Publication year - 1994
Publication title -
journal of magnetic resonance imaging
Language(s) - English
Resource type - Journals
SCImago Journal Rank - 1.563
H-Index - 160
eISSN - 1522-2586
pISSN - 1053-1807
DOI - 10.1002/jmri.1880040406
Subject(s) - reproducibility , creatine , phosphocreatine , nuclear medicine , nuclear magnetic resonance , magnetic resonance imaging , choline , apodization , medicine , chemistry , radiology , physics , optics , chromatography , energy metabolism
Abstract Studies have been performed to evaluate the reproducibility of longitudinal acquisitions with short TE spectroscopic magnetic resonance (MR) imaging of human brain. In healthy volunteers, the ratios of N ‐acetyl‐aspartate (NAA) and choline (Cho) with respect to total creatine (Cr) (creatine and phosphocreatine) have been examined in terms of voxel‐to‐voxel, acquisition‐to‐acquisition, and subject‐to‐subject variation. Overall coefficients of variation for NAA/Cr ratios and Cho/Cr ratios were 18% and 16%, respectively.
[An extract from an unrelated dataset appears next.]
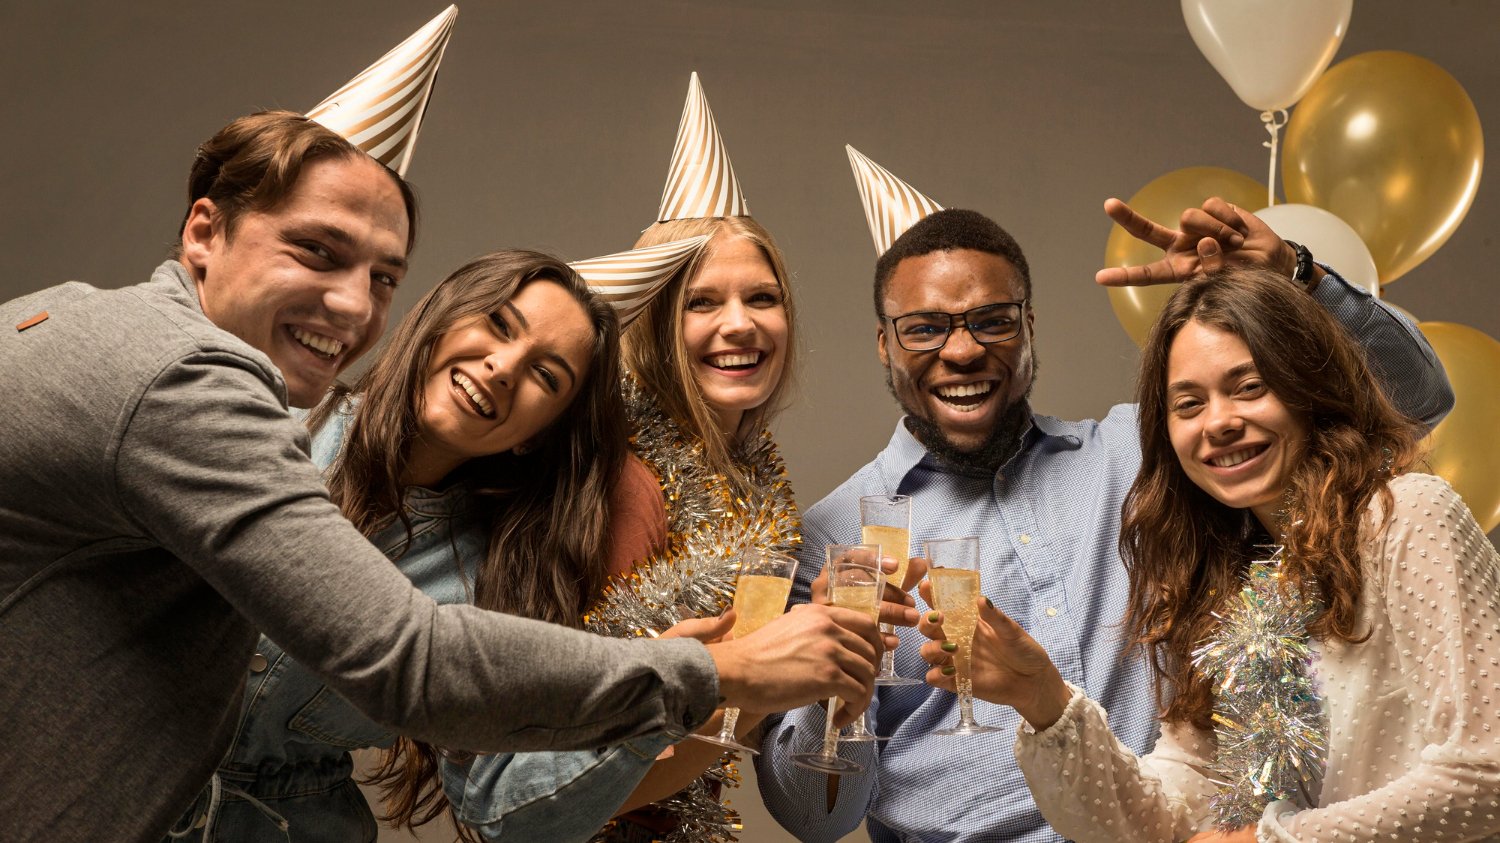 Amigos comemorando a chegada do ano novo, usando chapéus de festa e segurando taças de bebidas.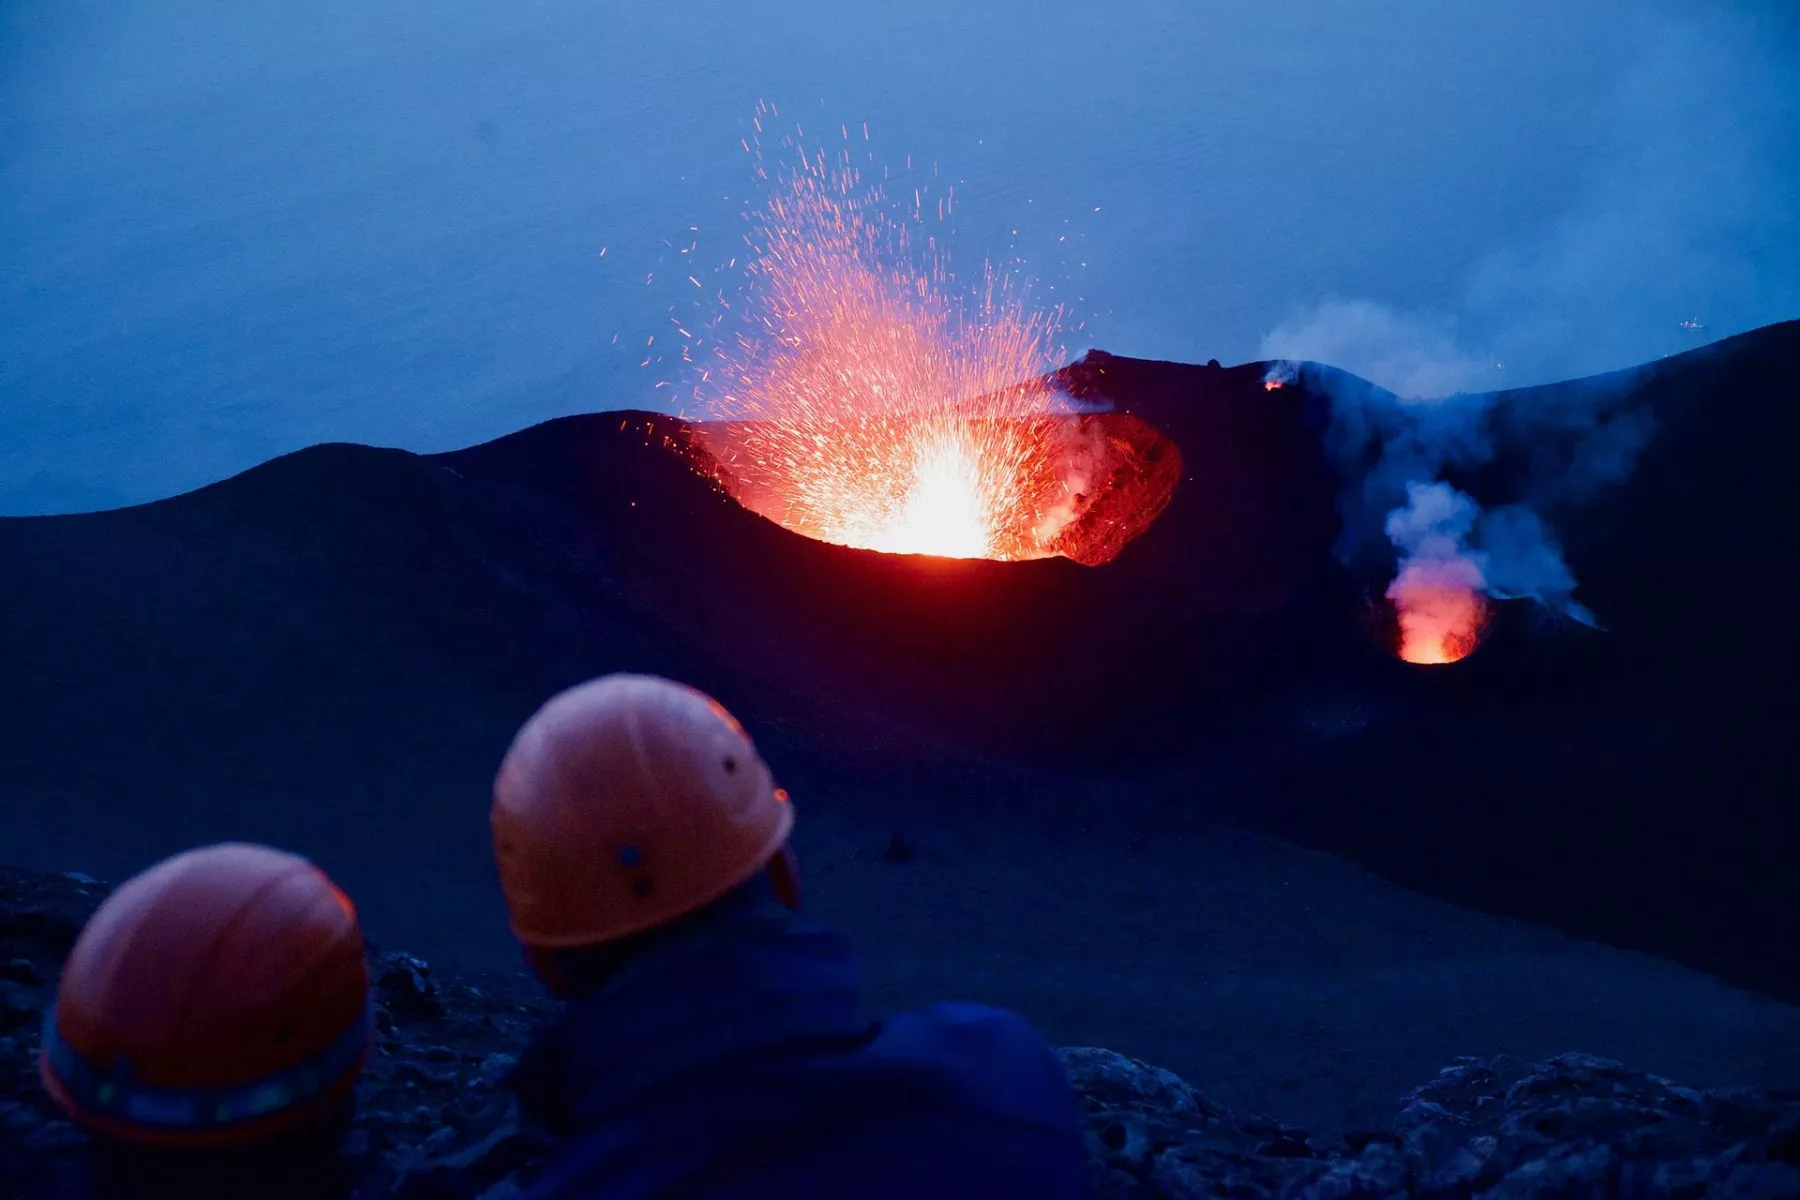 Bitcoin minen met vulkanen kost nog steeds meer dan olie

The interacquisition variation was not statistically significant ( P = .05) for either ratio. In terms of F ratios, the dominant source of variation in the NAA/Cr ratio was intersubject variability, whereas for the Cho/Cr ratio the dominant source of variation was intervoxel variability. Consequences of spectroscopic processing with spatial apodization and postacquisition water suppression and resolution enhancement were also examined. Such reproducibility studies are crucial if longitudinal spectroscopic evaluations are to be performed in a clinical setting to follow the natural course of disease states or the effects of therapy.